Reproduce the listing that follows in full. Omit its images.

[Stored data — start]

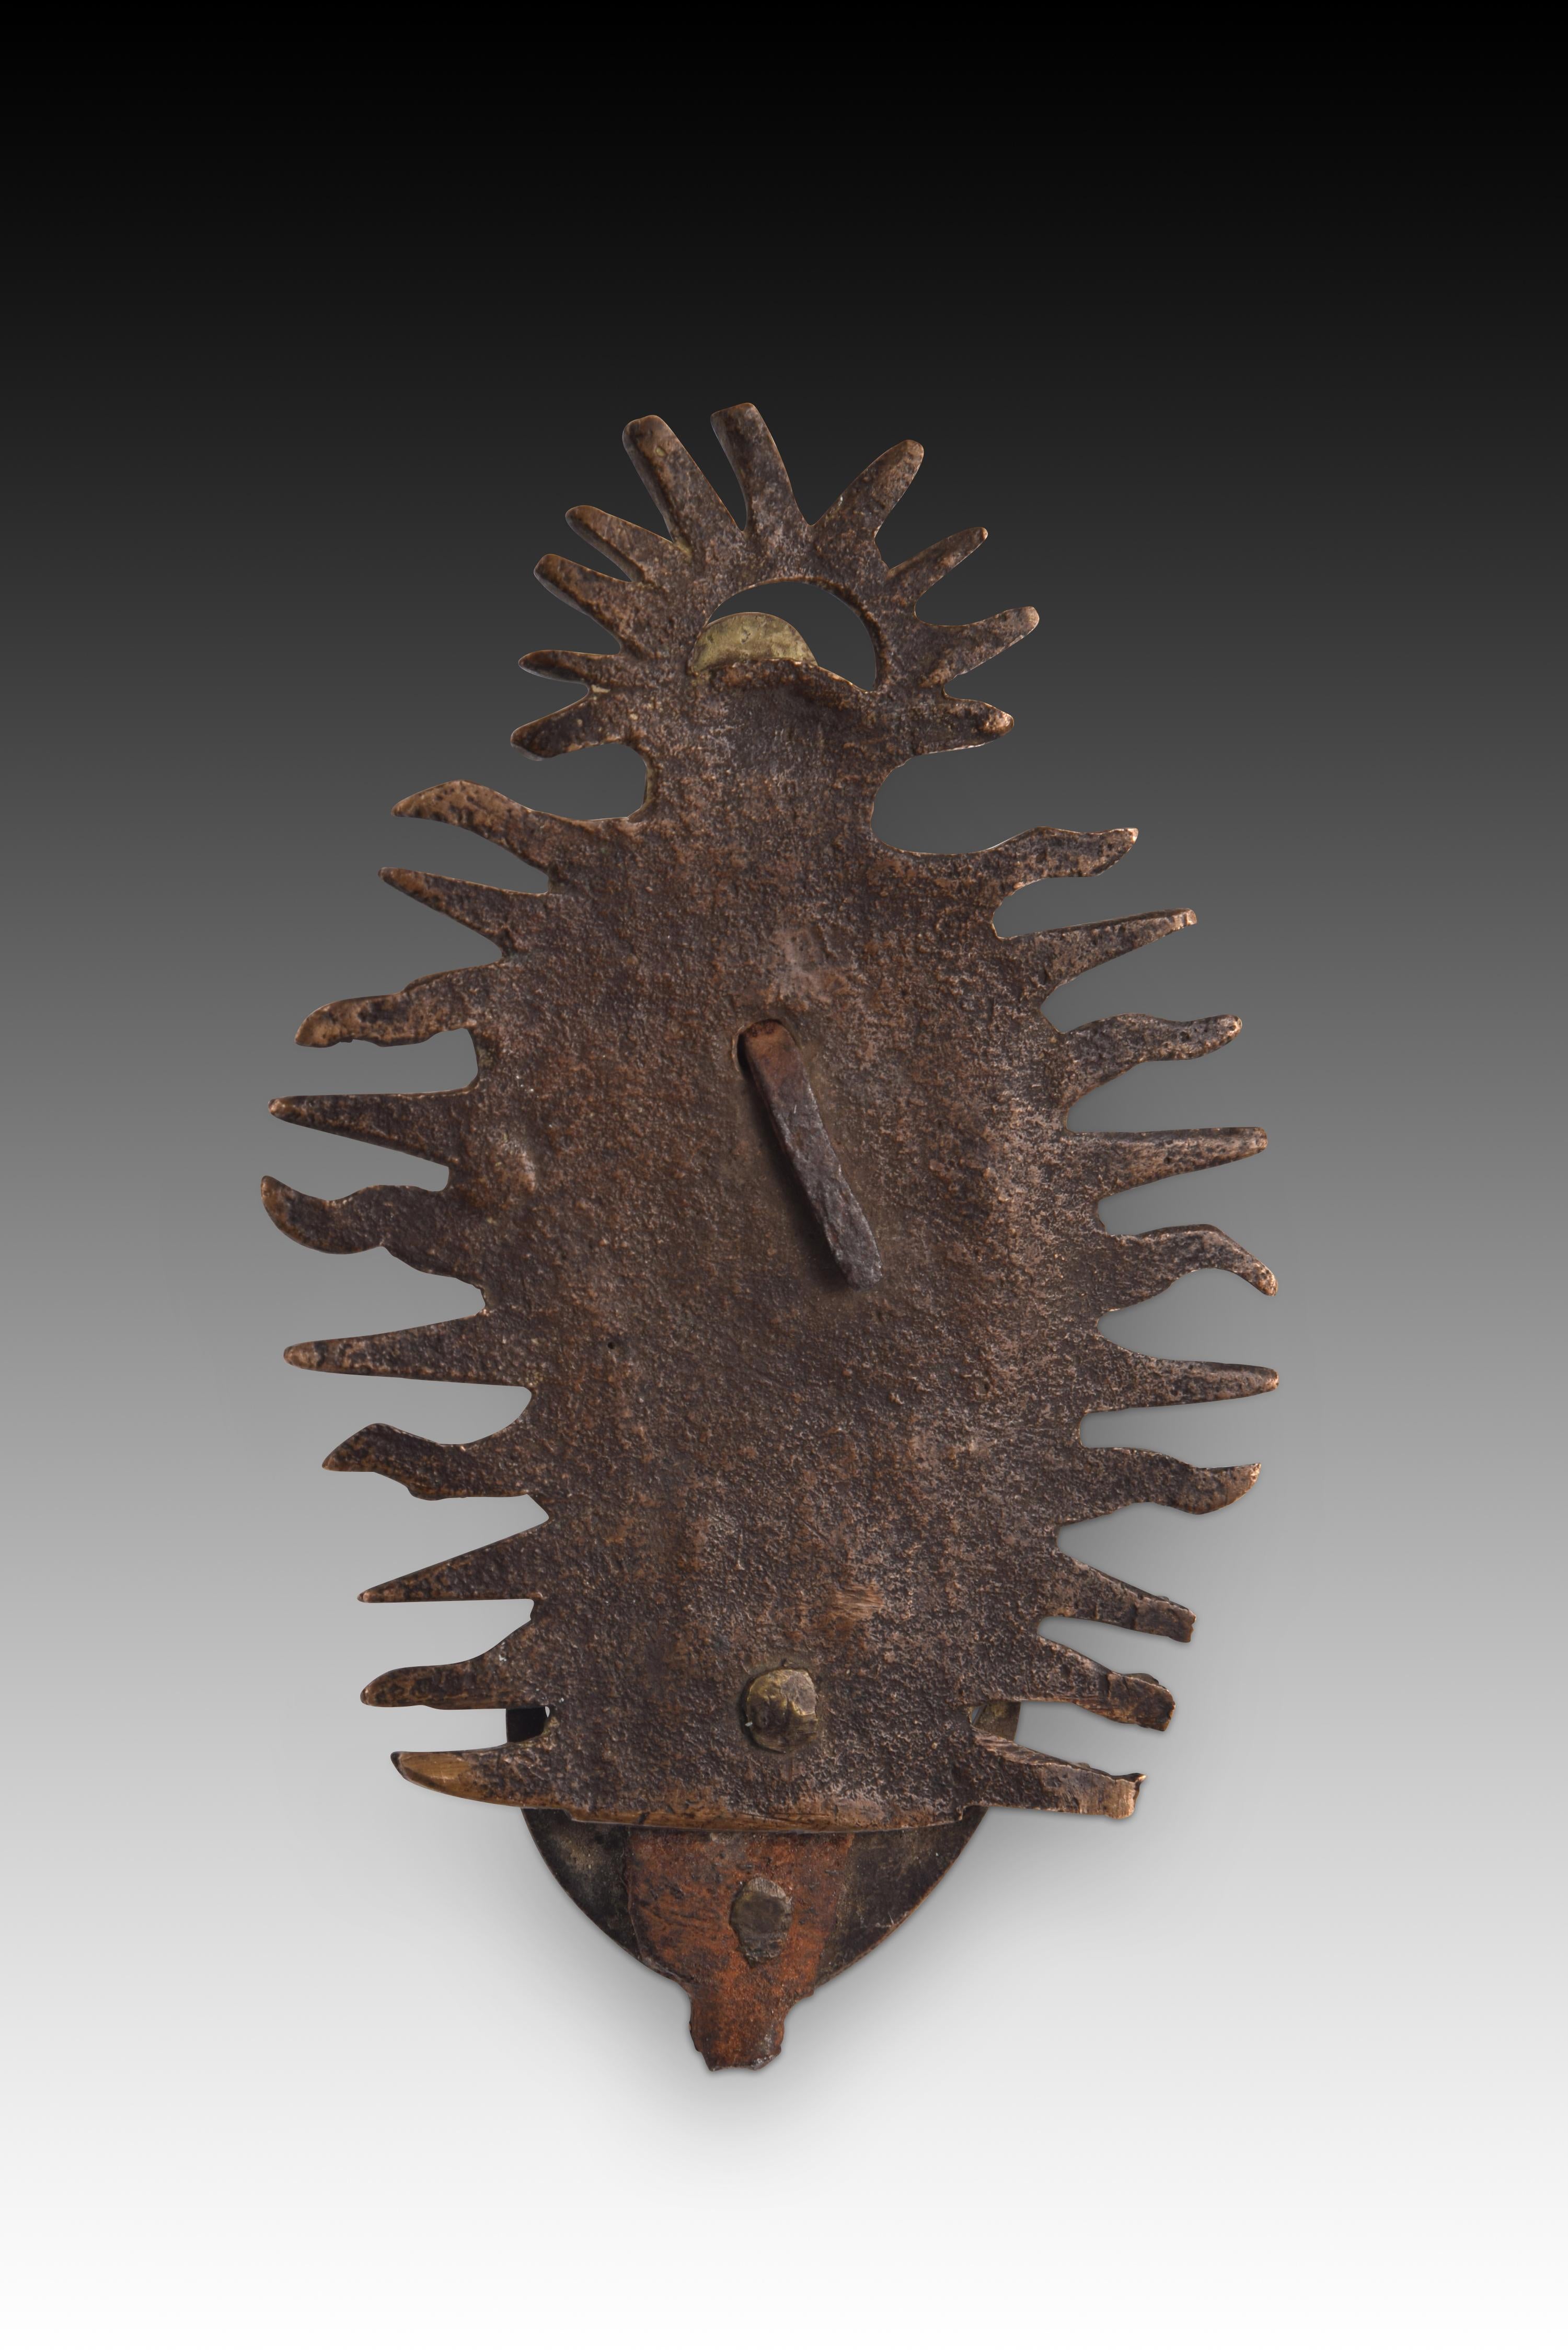 Immaculate. Bronze. Spanish school, 17th century. 
Bronze relief with gilded remains showing an Immaculate Conception. The Virgin Mary stands on a crescent moon with her peaks upward, dressed in a mantle and tunic, joining her hands on her chest in
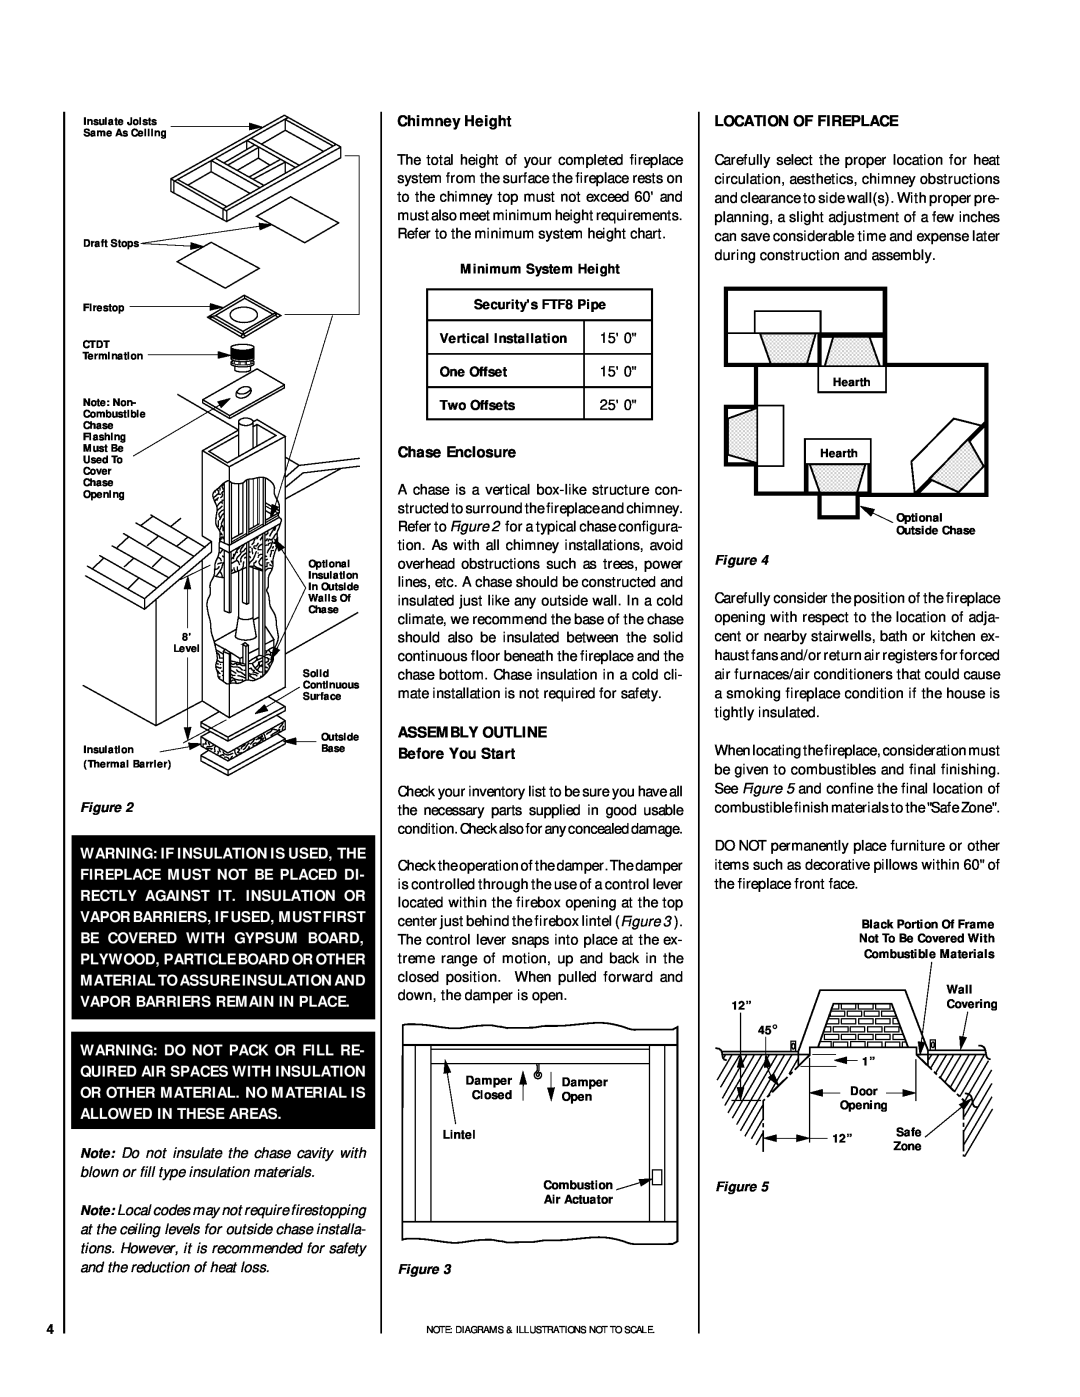 Linksys RDI-36-H HCI-36-H Chimney Height, Chase Enclosure, ASSEMBLY OUTLINE Before You Start, Location Of Fireplace

[Stored data — finish]

Answer section ::
 Immaculate. Bronze. Spanish school, 17th century. 
Bronze relief with gilded remains showing an Immaculate Conception. The Virgin Mary stands on a crescent moon with her peaks upward, dressed in a mantle and tunic, joining her hands on her chest in
 Linksys RDI-36-H HCI-36-H Chimney Height, Chase Enclosure, ASSEMBLY OUTLINE Before You Start, Location Of Fireplace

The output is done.